Last edited by Blondzilla; June 25th, 2010 at 03:06 PM.
Wow. My heart breaks for you and I can't imagine the pain and frustration you are going through. It's not fair..... and I don't understand how no one is able to help. You have rights!!!! How he can just erase you from your daughter's life and get away with it is beyond comprehension.
I really don't have any advice other than what was already given .... I just want to say you'll be in my thoughts. I hope there is someone out there that can help you.
Interesting that he dropped the divorce. Do you have to file an Intent to Relocate with children in your state? Sounds like that's why he dropped it? That, or the military would require a care plan or something saying he had custody so he dropped it? INTERESTING. Or the state the child last resided in? Im shocked, really. All the things that were requested of you, the anger management class, etc...did you complete that and go through all those hoops?
From what you say, it sounds like he had no right to take her and move to another state without your knowledge or consent...or withhold visitation-at least not without a court order, parenting plan or restraining order. And from this, it sounds like kidnapping. Find out what your rights are. Dont get discouraged when attorneys tell you there is no hope. Dont give up. This is your child and she deserves to know her mother.
I dont know, if it were me, I would stop at nothing to at least see her. Try to find an attorney that will work with you. If you cannot find one that will accept a life-time payment plan, try to find one that will do it pro bono. But whatever you do, make sure it's logical, calm, and goes through the process. Everything you say and do would be used against you given previous charges/accusations...
I would try to get a parenting plan in place. If your courthouse has a court facilitator (or maybe it's called something else where you live?), they can guide you to the correct paperwork, and even make sure it is filled out correctly before going before a commissioner/judge. If that didn't work, or he couldn't be located, or whatever, I would probably go to the paper....calmly share my story like Dani is saying, and see what happens. And dont forget to mention all the steps that you went through previously before the paper........the chain of command....JAG.....the police,etc.
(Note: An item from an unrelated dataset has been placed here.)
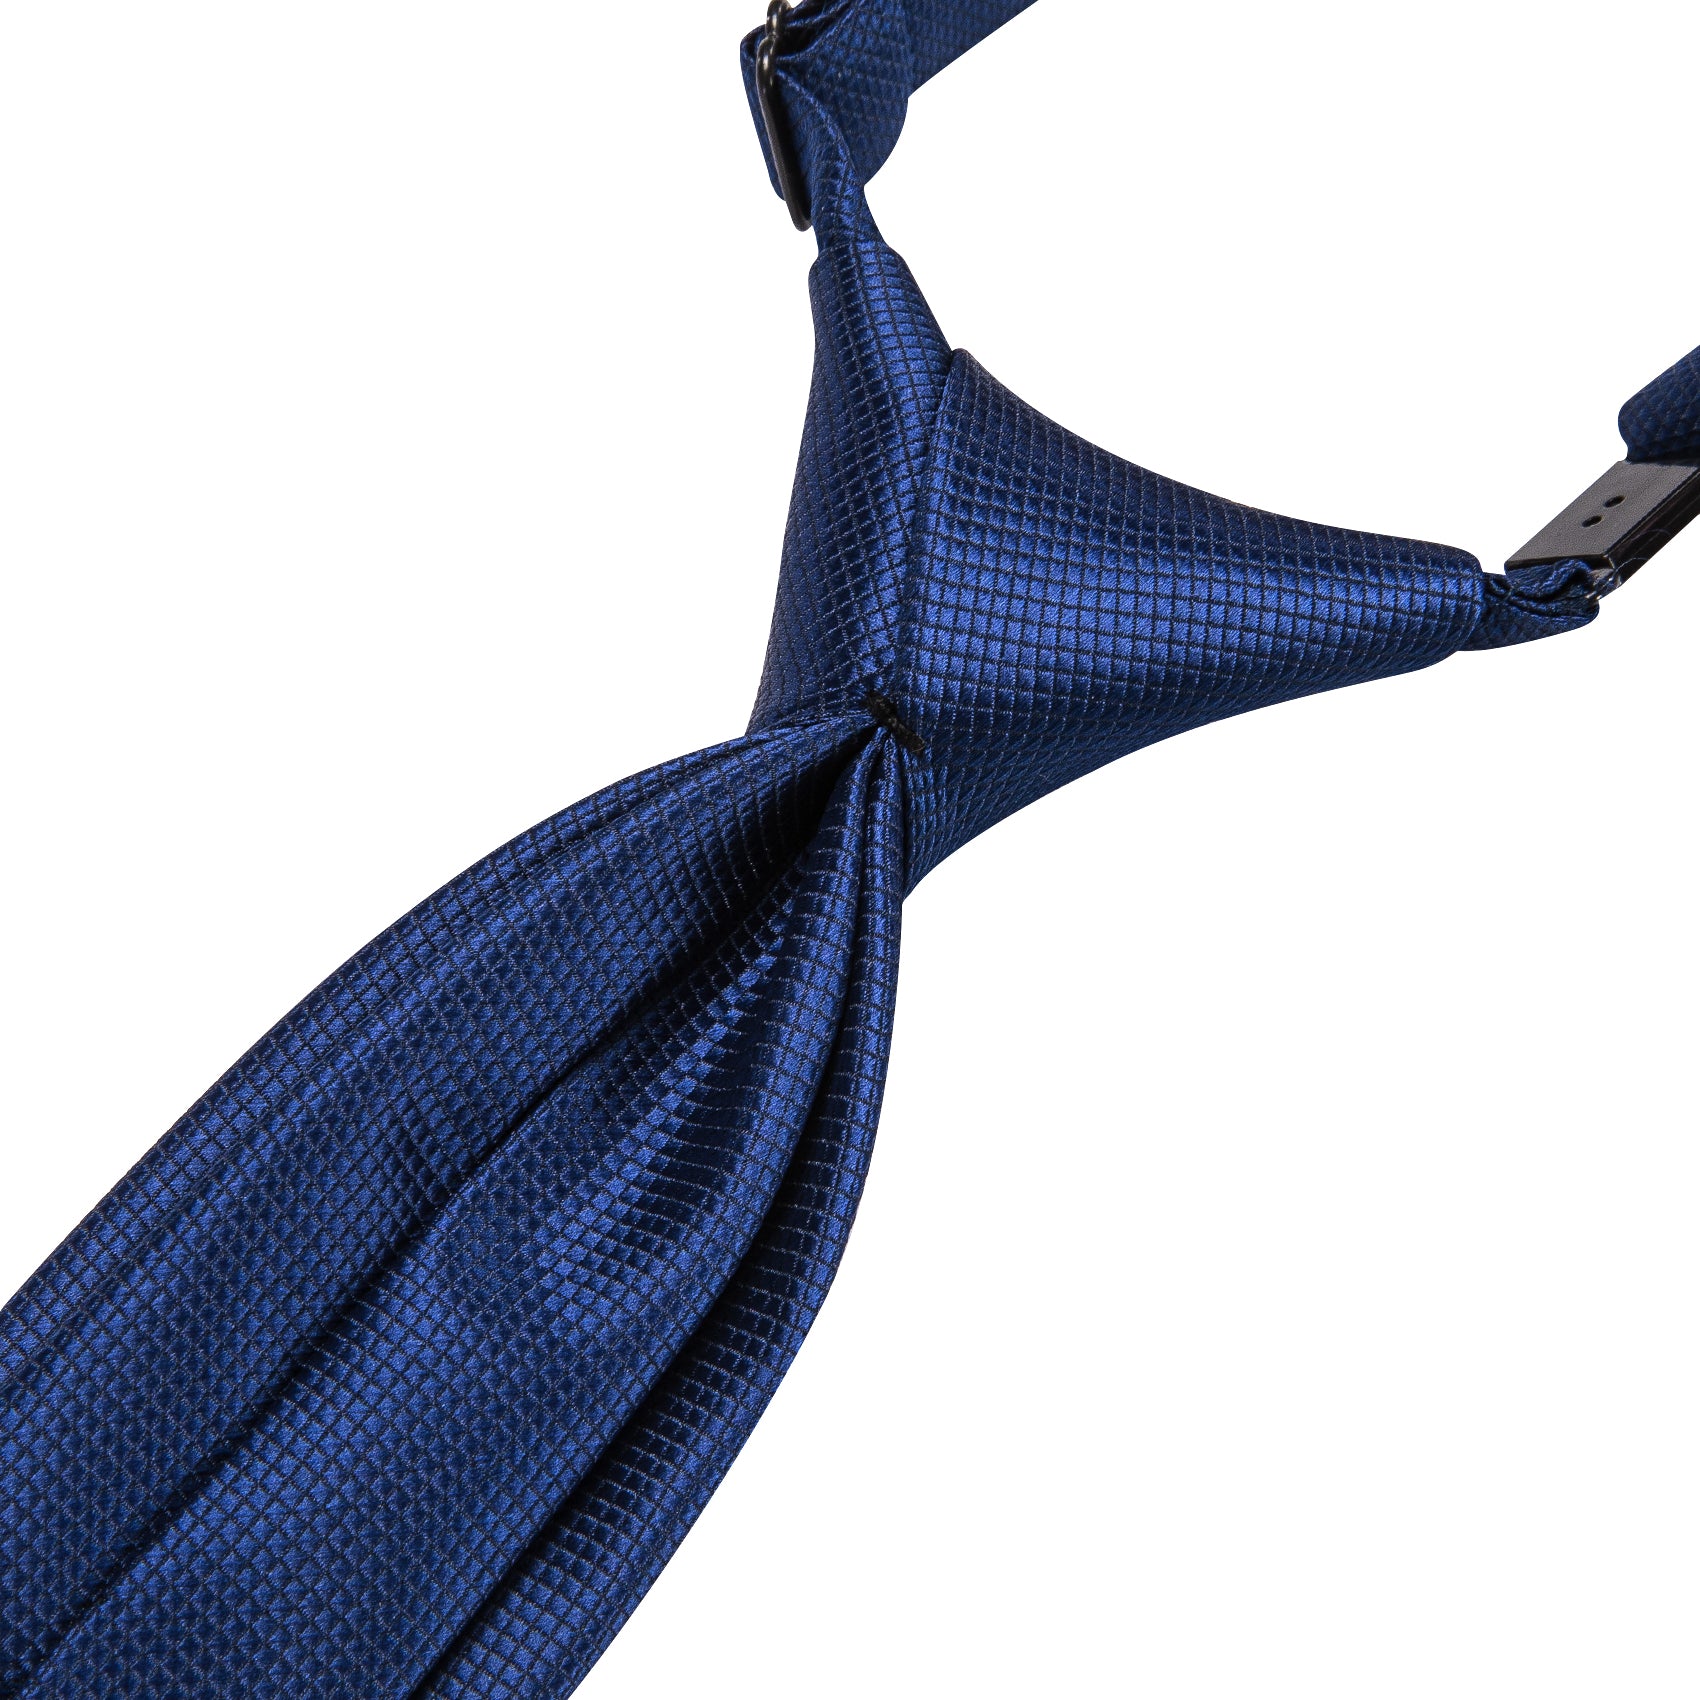 Royal Blue Plaid Boys Pre-tied Adjustable Tie Pocket Square

And (I hate to say this) but I would report her kidnapped (as in taken from you) as a last resort. I would ONLY do this as a last resort and ONLY if there were no reason (ie, a court order, parenting plan, restraining order in place, and I had gone through all the hoops required of me.) and NO ONE was helping me to at least KNOW and see my child. I really hate to say that, but I probably would. Like I said, I would stop at NOTHING.
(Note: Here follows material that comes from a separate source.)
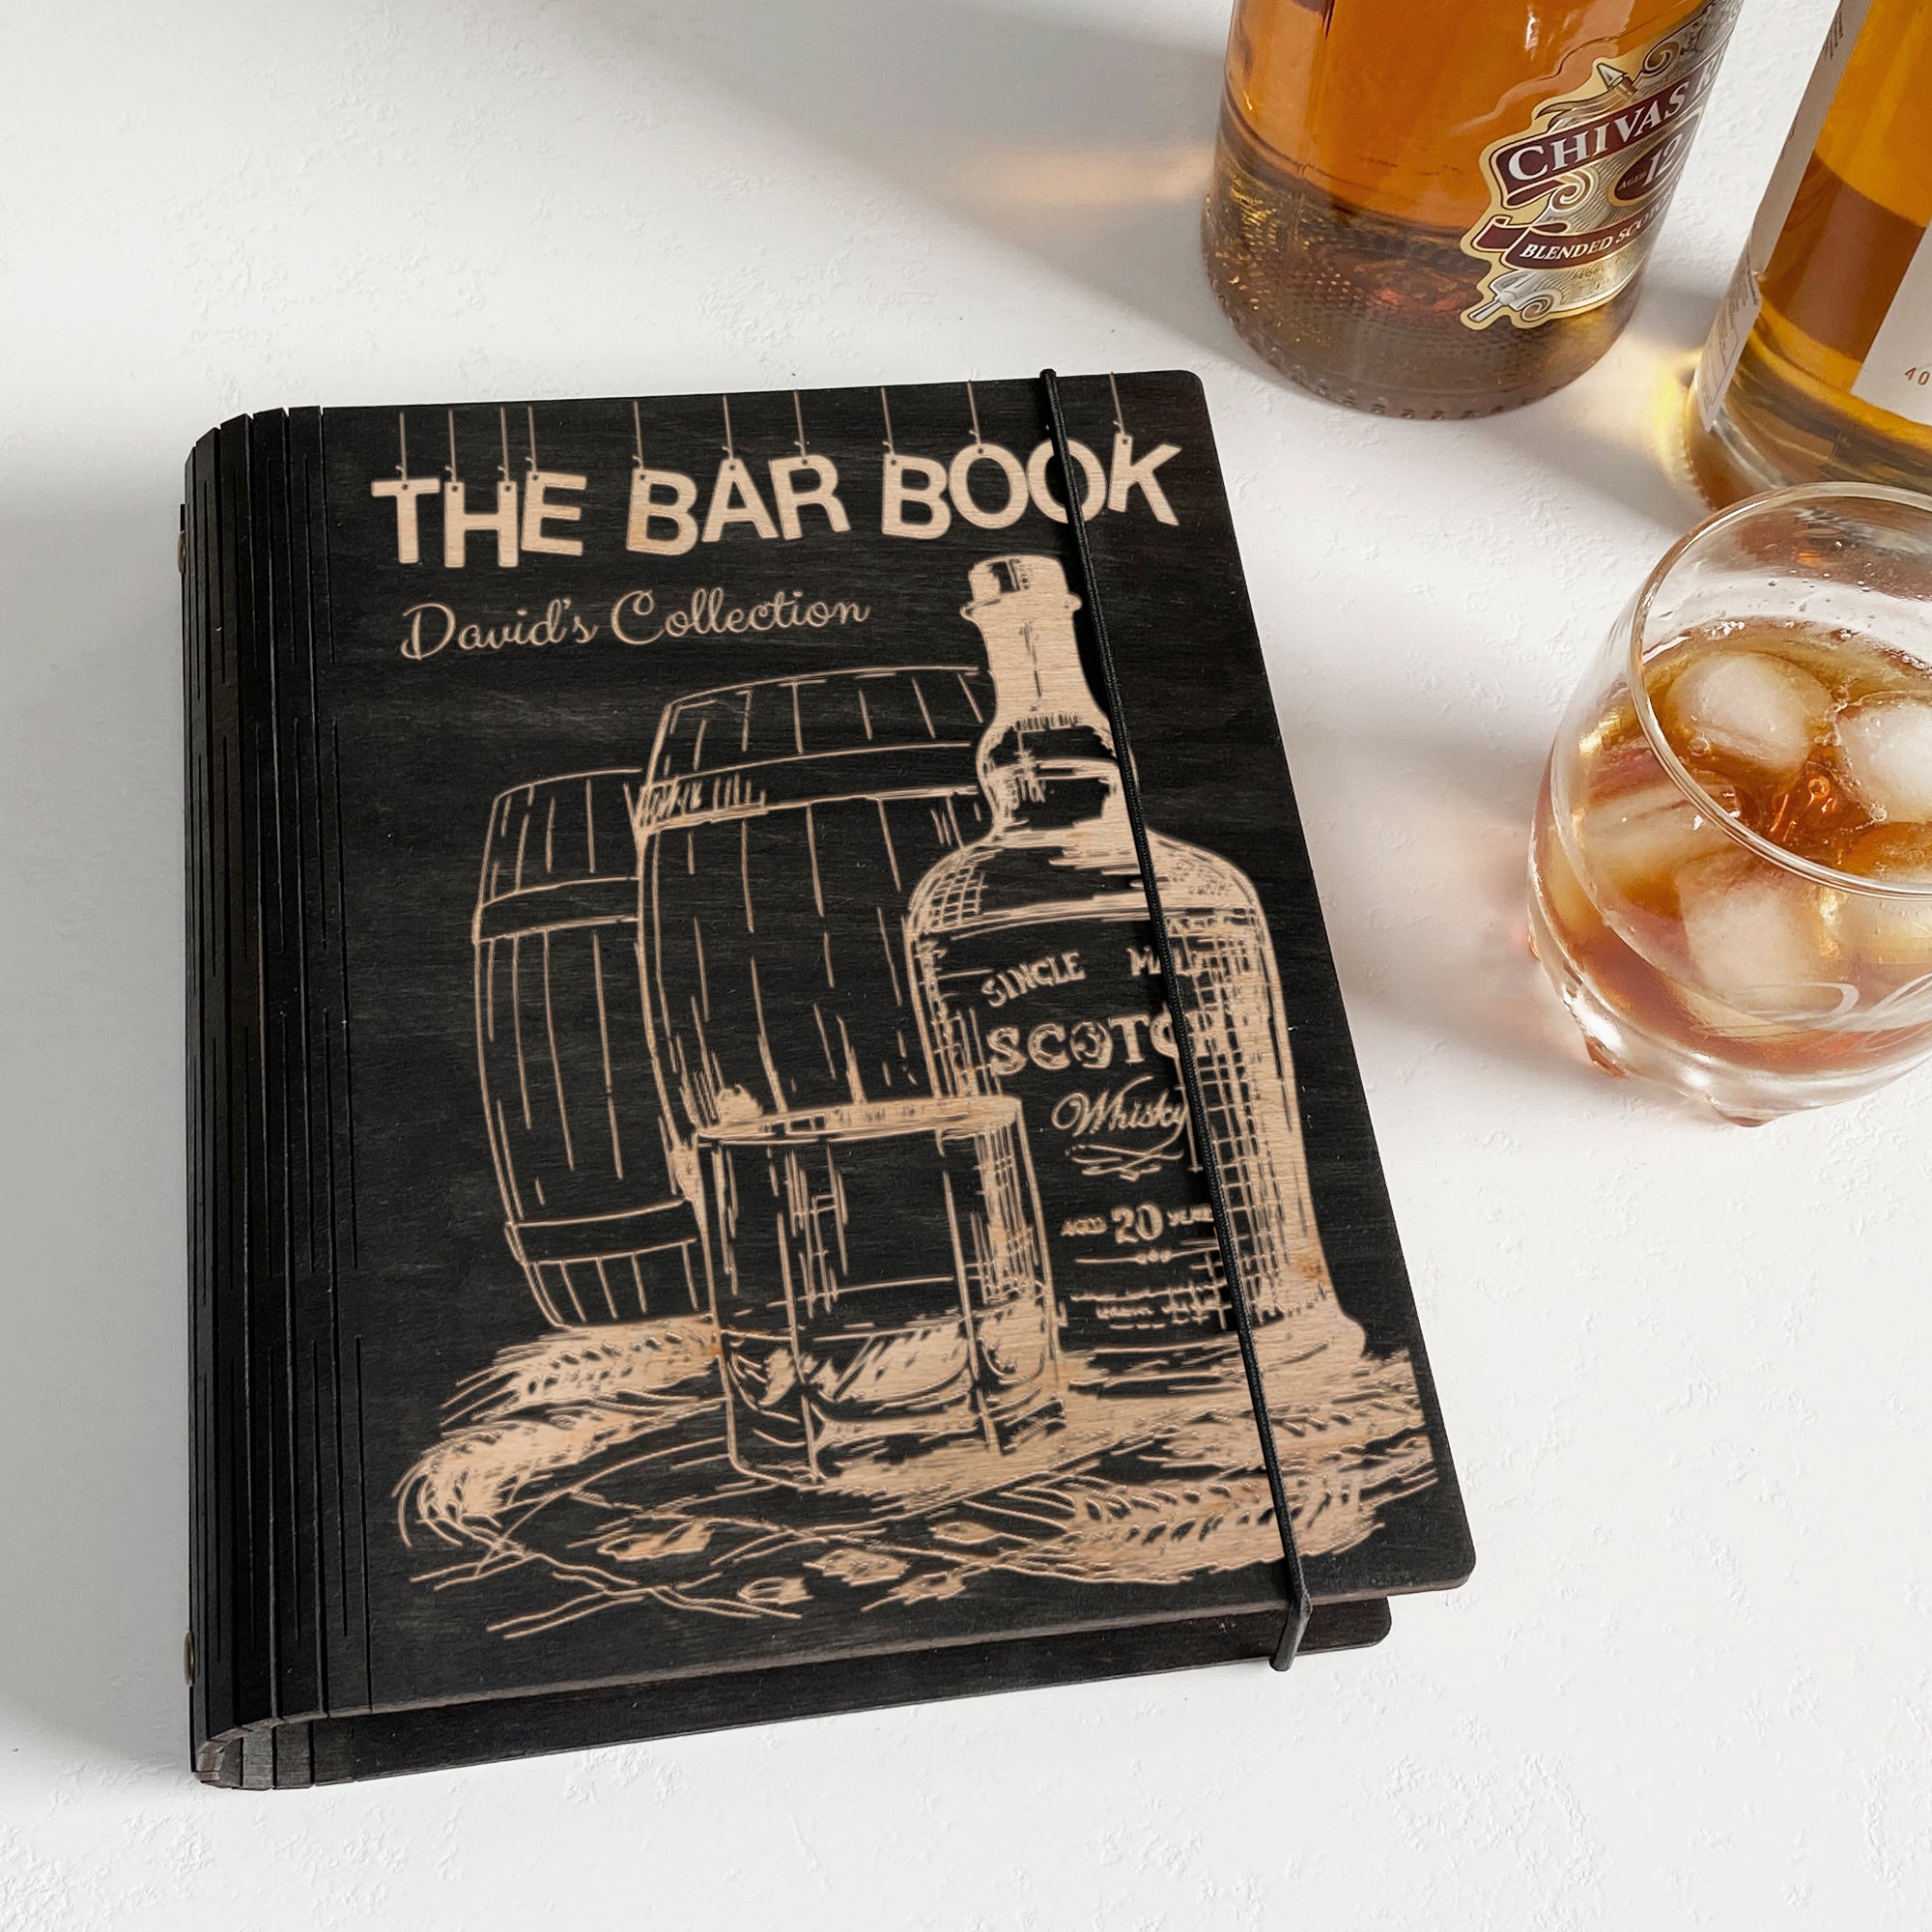 My Bar book Free custom engraving

And that's if EVERYTHING you stated was exactly what it was...nothing left out, you know? doesn't seem right or fair to you or to your child. And dont do anything anything wild...lol...nothing out of emotion. NOTHING. Remember, there are things against you already, and it's my opinion that there is a soft spot for people in uniform when requesting the courts. A few of them are the most nasty disrespectful, disgusting, undeserving jerks that dont deserve jack $#@% for respect. But they still receive it, because of what they do and they can put on a uniform and stand up on two feet. Be appropriate. Be aware. And be ready to go through the process and fight to see your child.
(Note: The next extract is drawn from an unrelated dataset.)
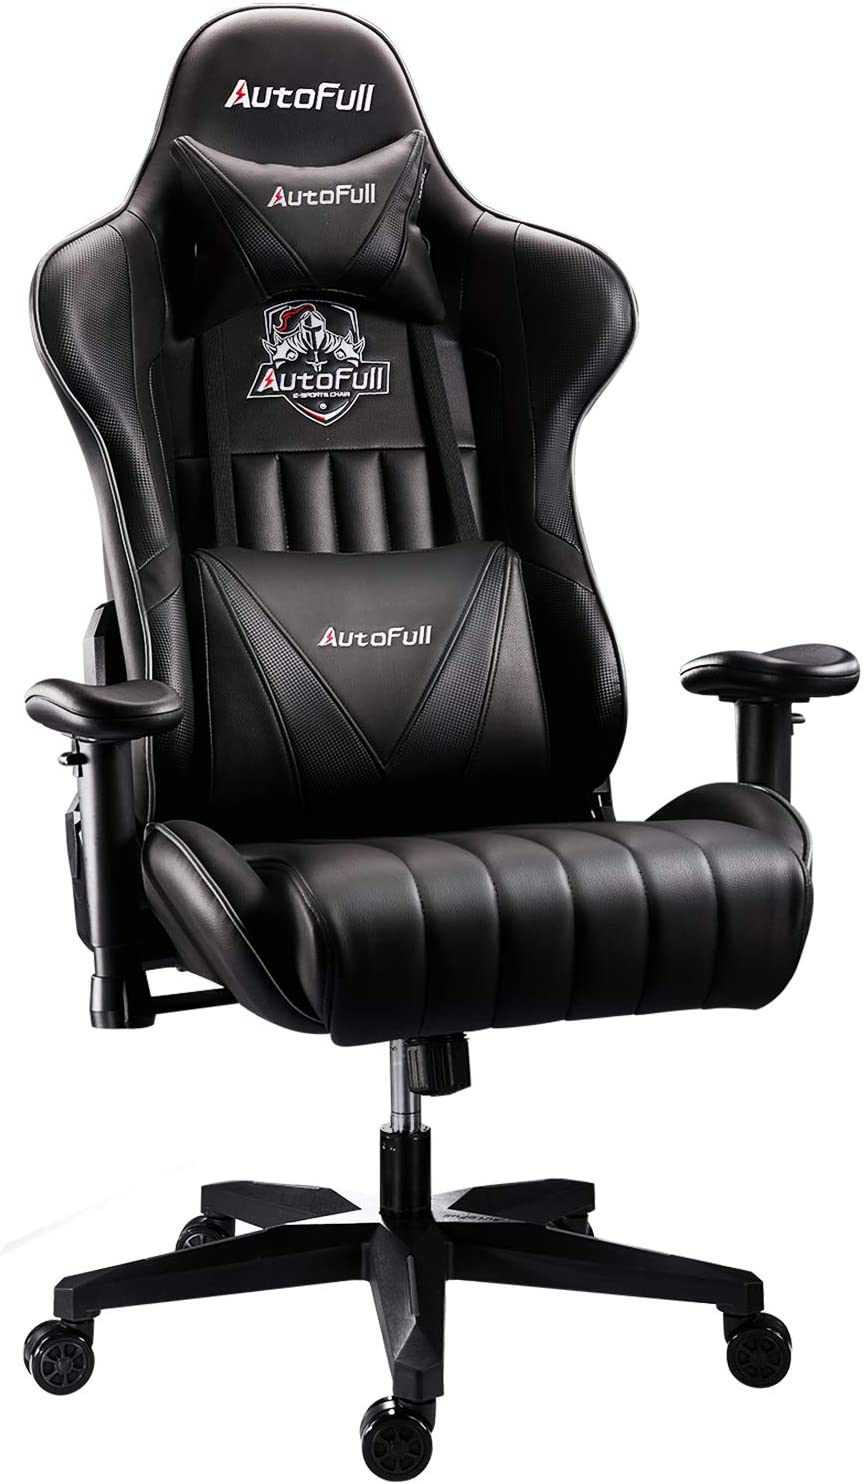 Autofull Racing Style Gaming Chair

No it's not hopeless. Dont EVER believe that. Keep trying every day to see her, never stop. One day, if you later comes before sooner, she will find you or you will find her depending on anything she has been told, and she will know that through those years you DID care about her, DID think of her, DID try to see her, DID try to find her. Who do you think she will be upset with then? Patience. But whatever you do, do it sooner rather than later. It's been a little while too long....
I can't imagine your pain that you go through every day. My heart goes out to you. Dont give up. Close your eyes and envision her the last way you saw her, the smile, the laugh, her eyes....that will keep you going.
Im so sorry.
Last edited by hopenot4gotten; June 29th, 2010 at 01:47 AM.